**Data extract**
******
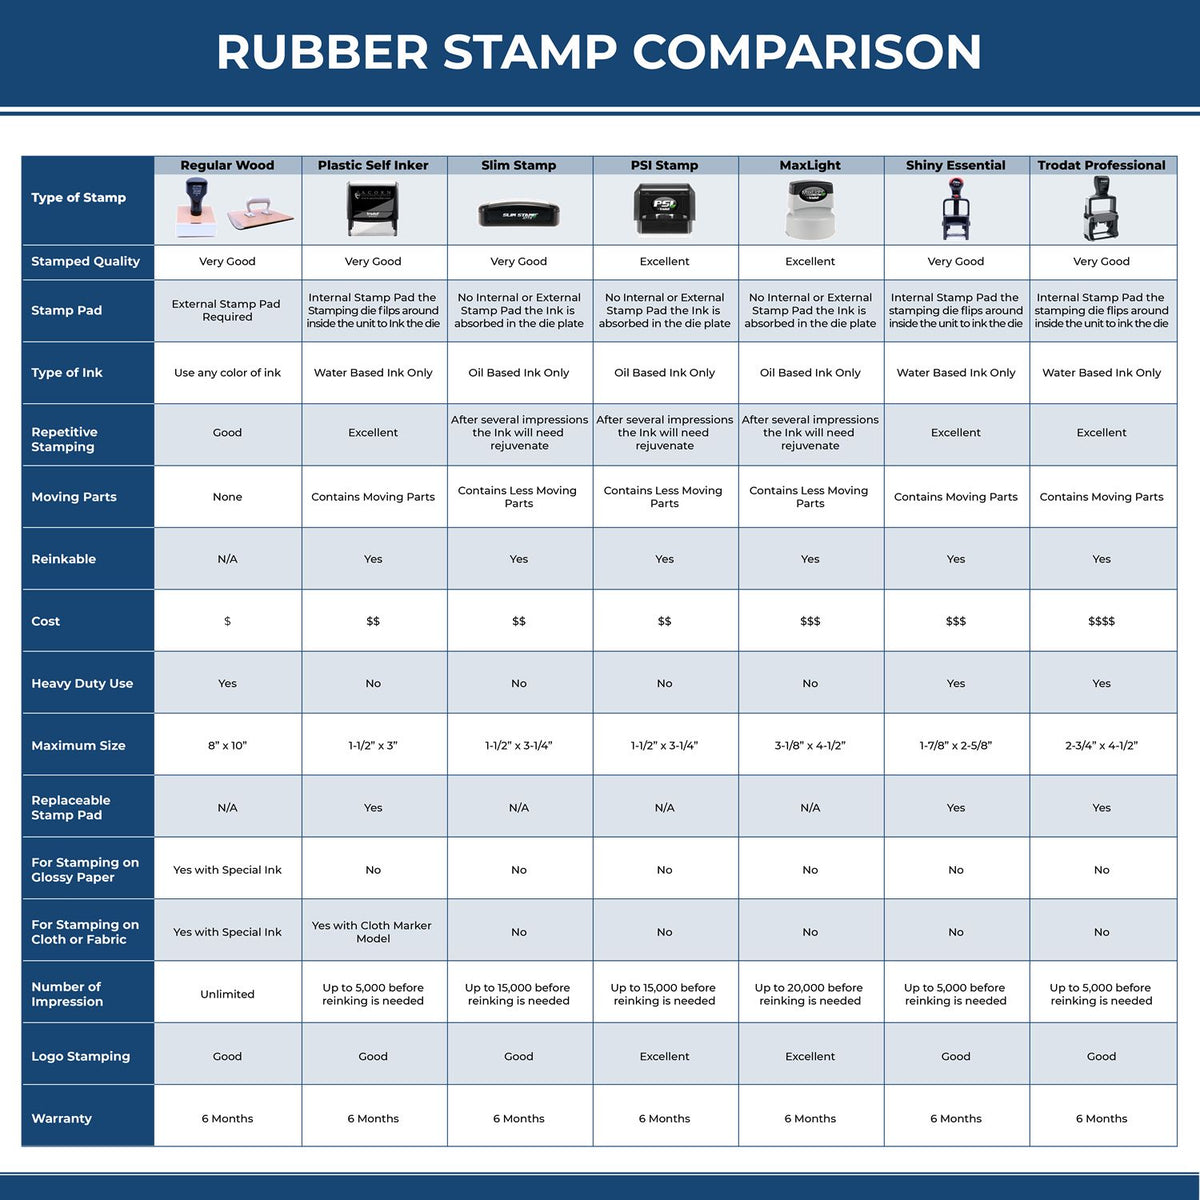 A comparison chart for the different types of mount models available for the Self-Inking Ohio Landscape Architect Stamp.
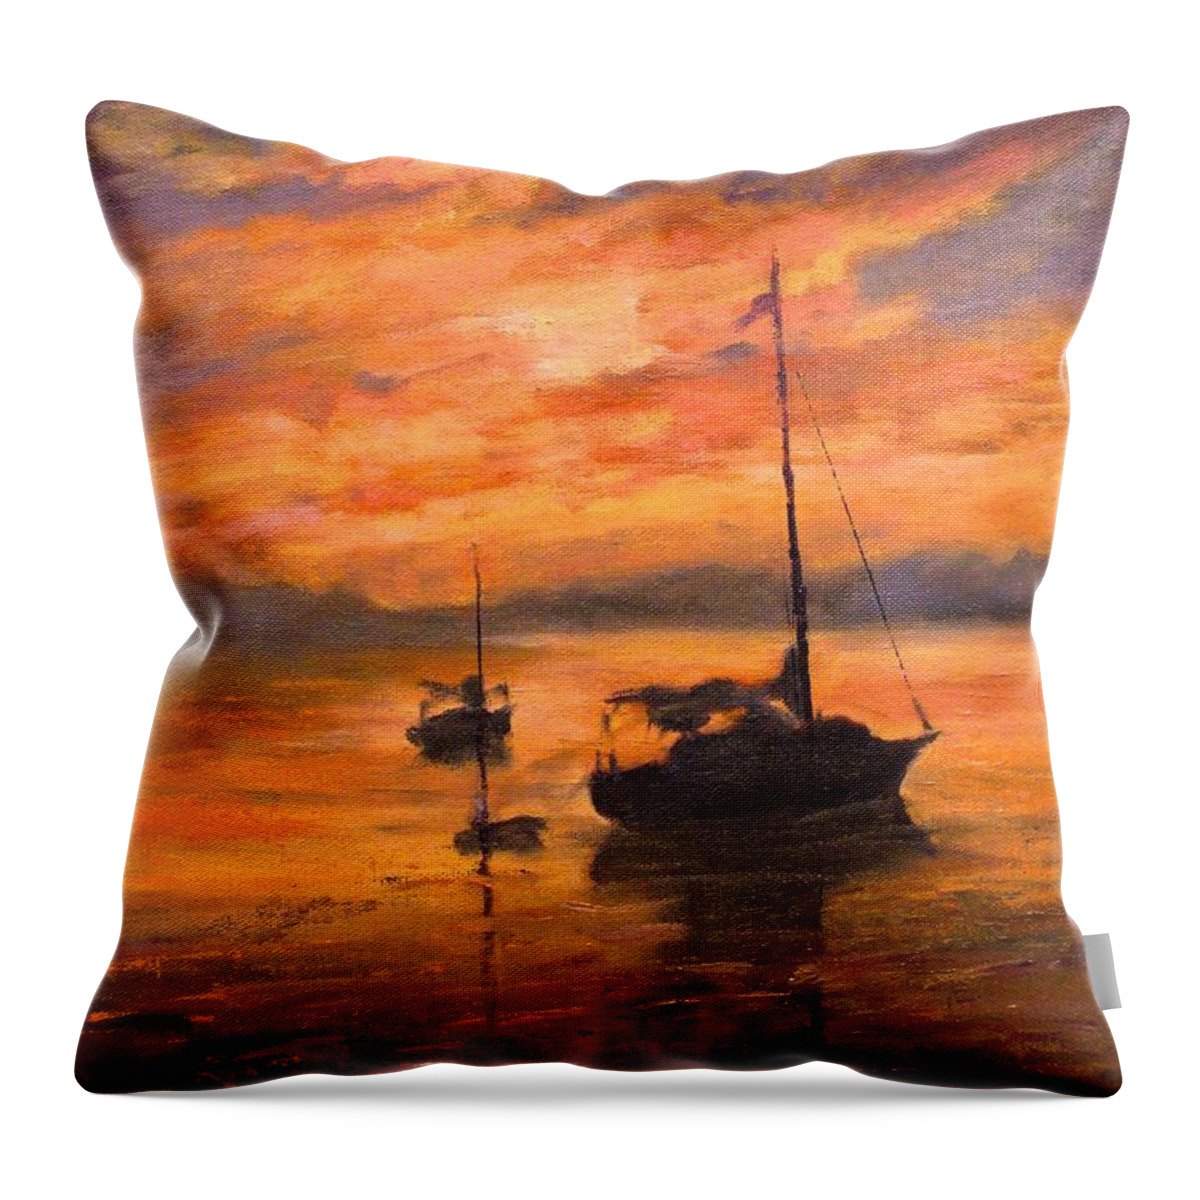 Boats Throw Pillow featuring the painting The Day is Done by B Rossitto
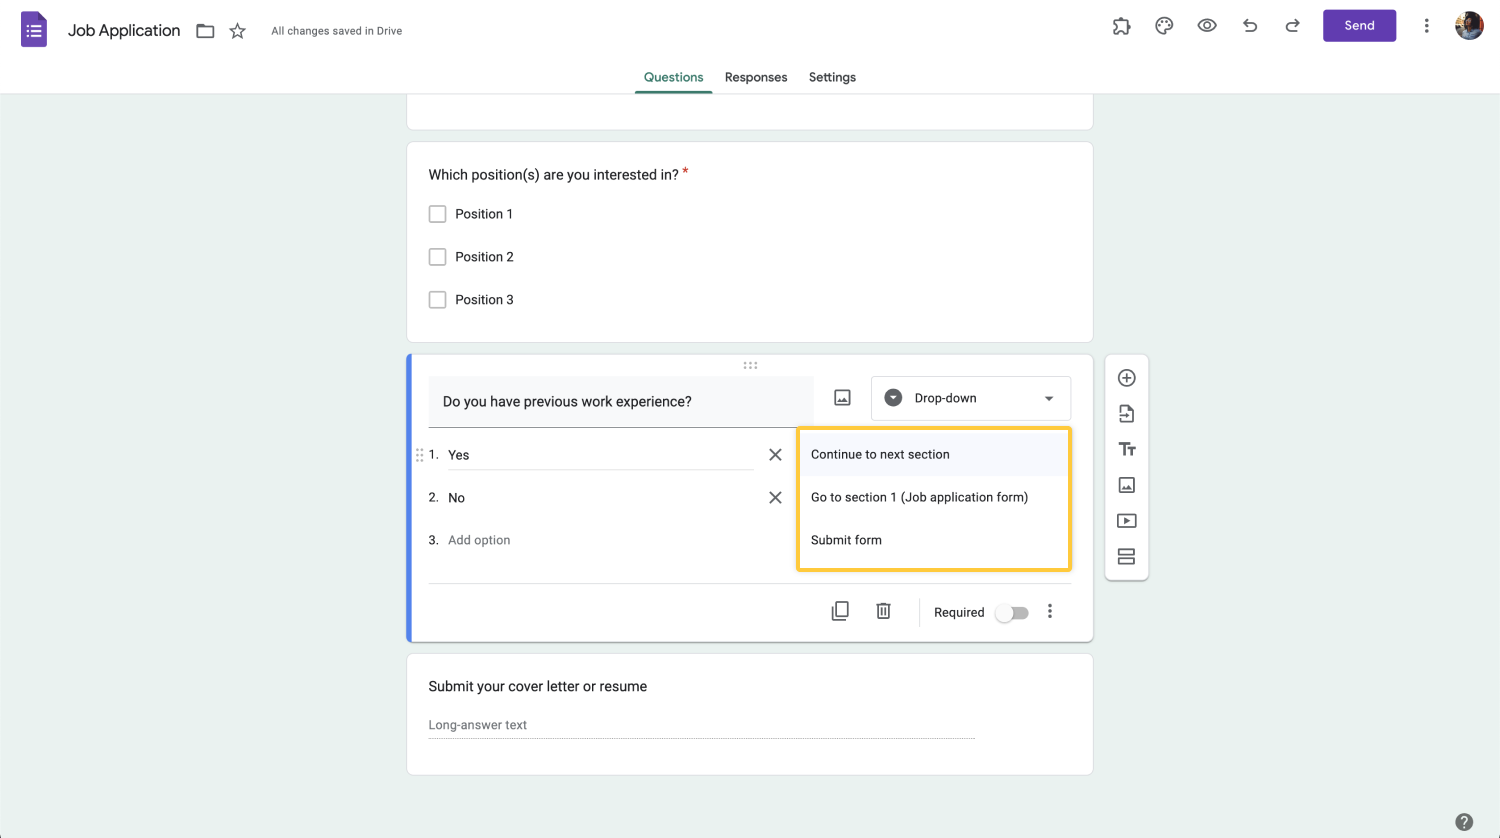 How To Go to a Section Based on a Specific Answer in Google Forms
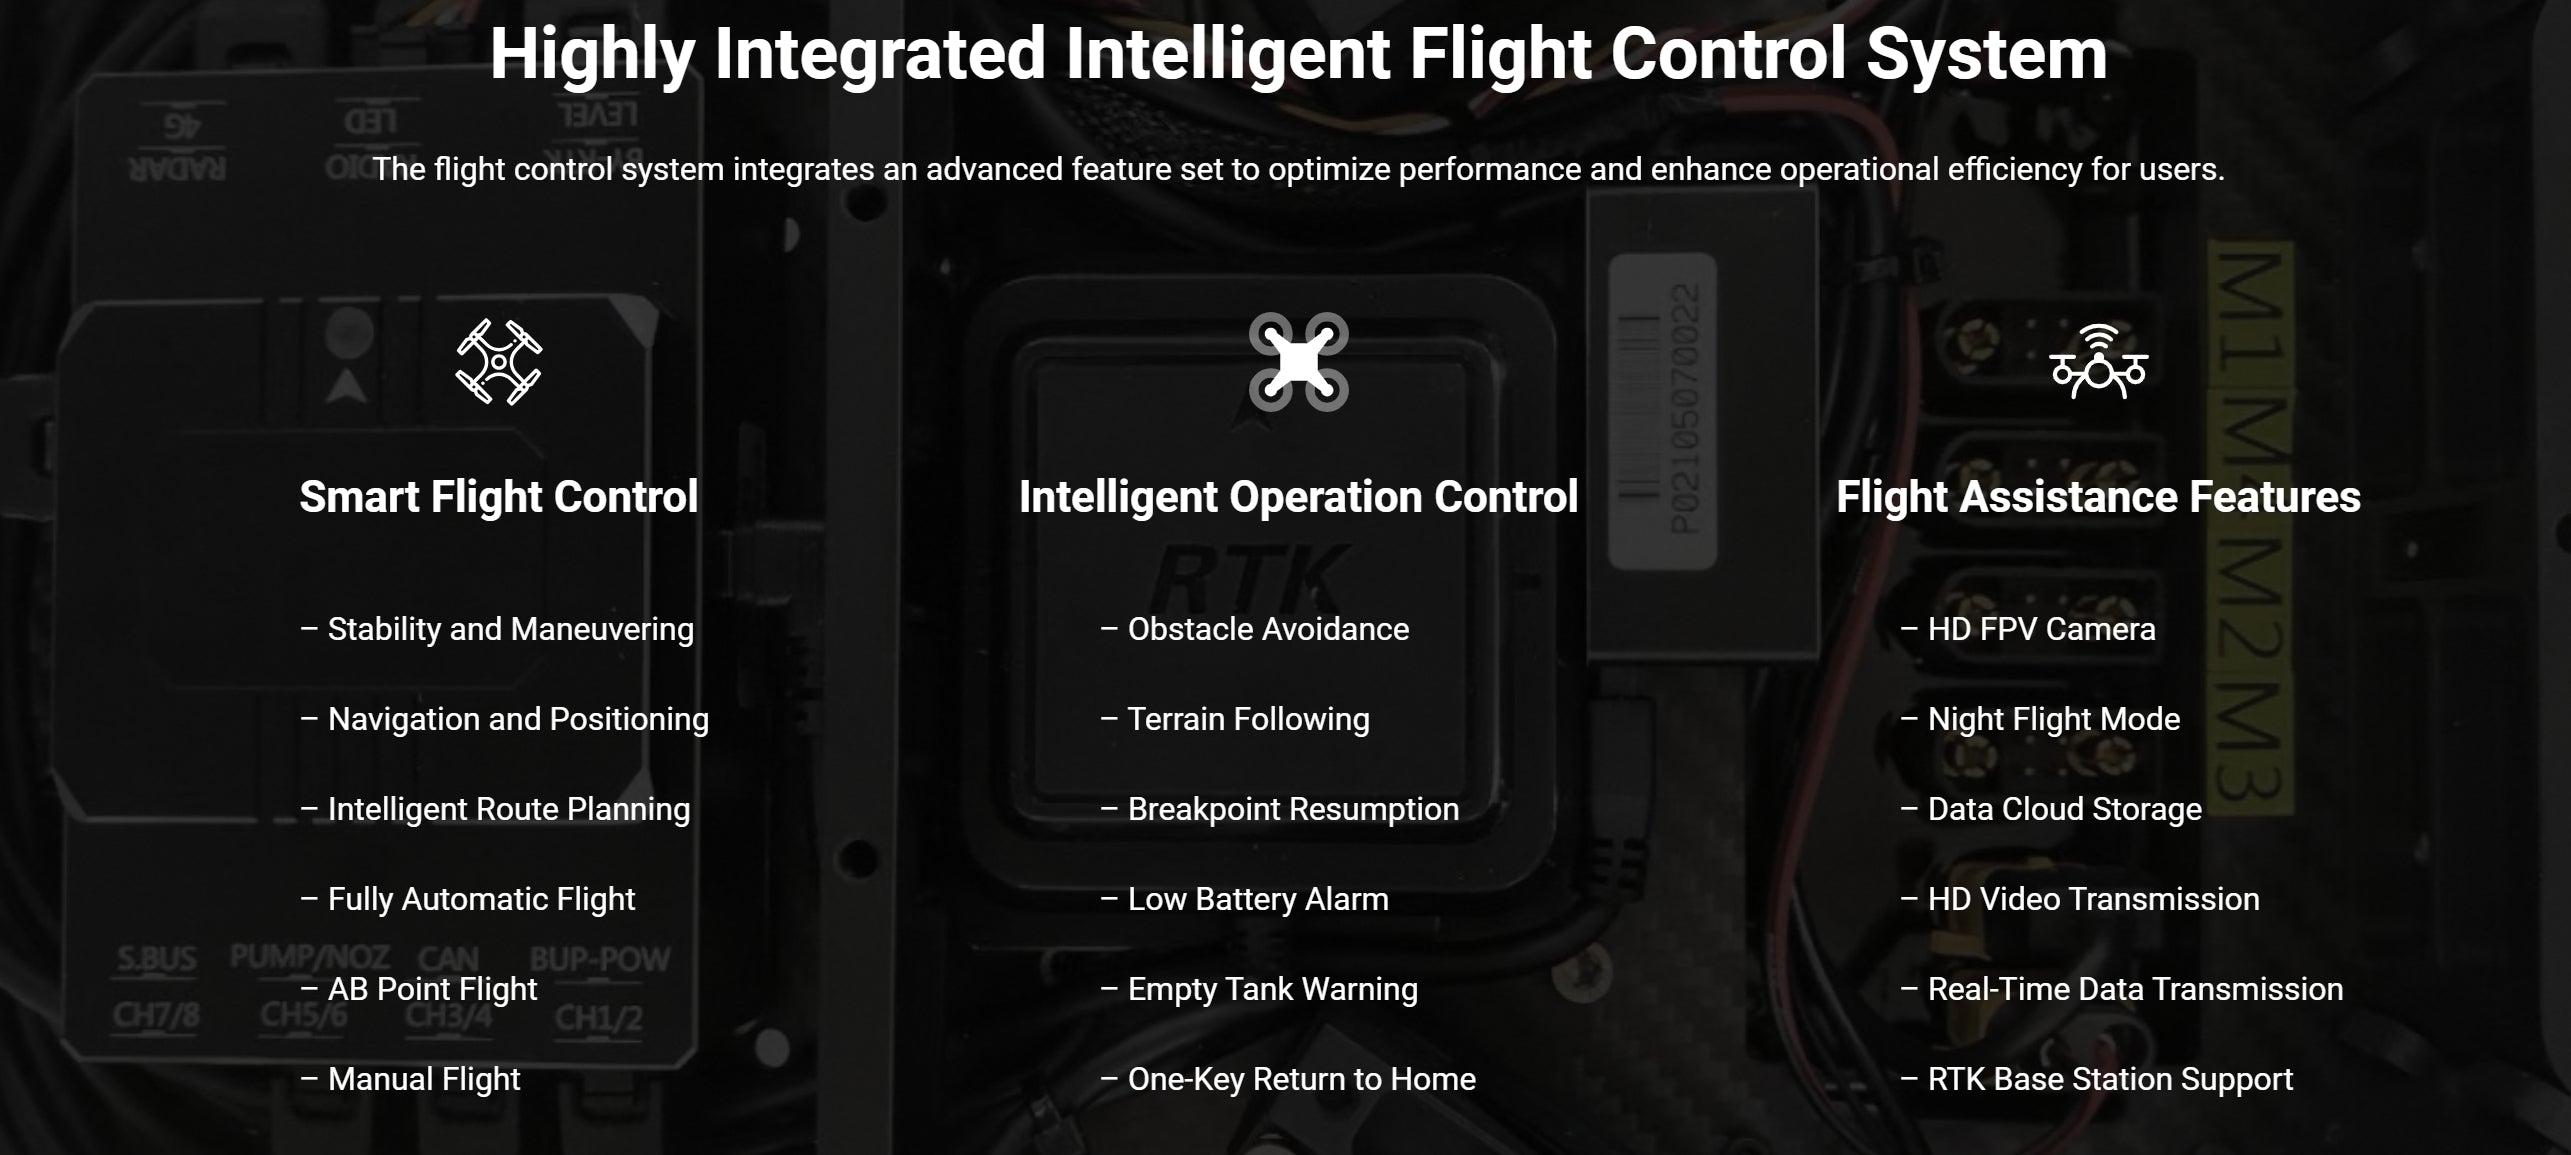 H160 Agricultural Drone, Intelligent Flight Control System E @ E CiJ OL The flight control system integrates an advanced
******
**Exercise objective**
The output should be the material above, copied exactly, without its pictures.

**Response below**
 A comparison chart for the different types of mount models available for the Self-Inking Ohio Landscape Architect Stamp.
 Boats Throw Pillow featuring the painting The Day is Done by B Rossitto
 How To Go to a Section Based on a Specific Answer in Google Forms
 H160 Agricultural Drone, Intelligent Flight Control System E @ E CiJ OL The flight control system integrates an advanced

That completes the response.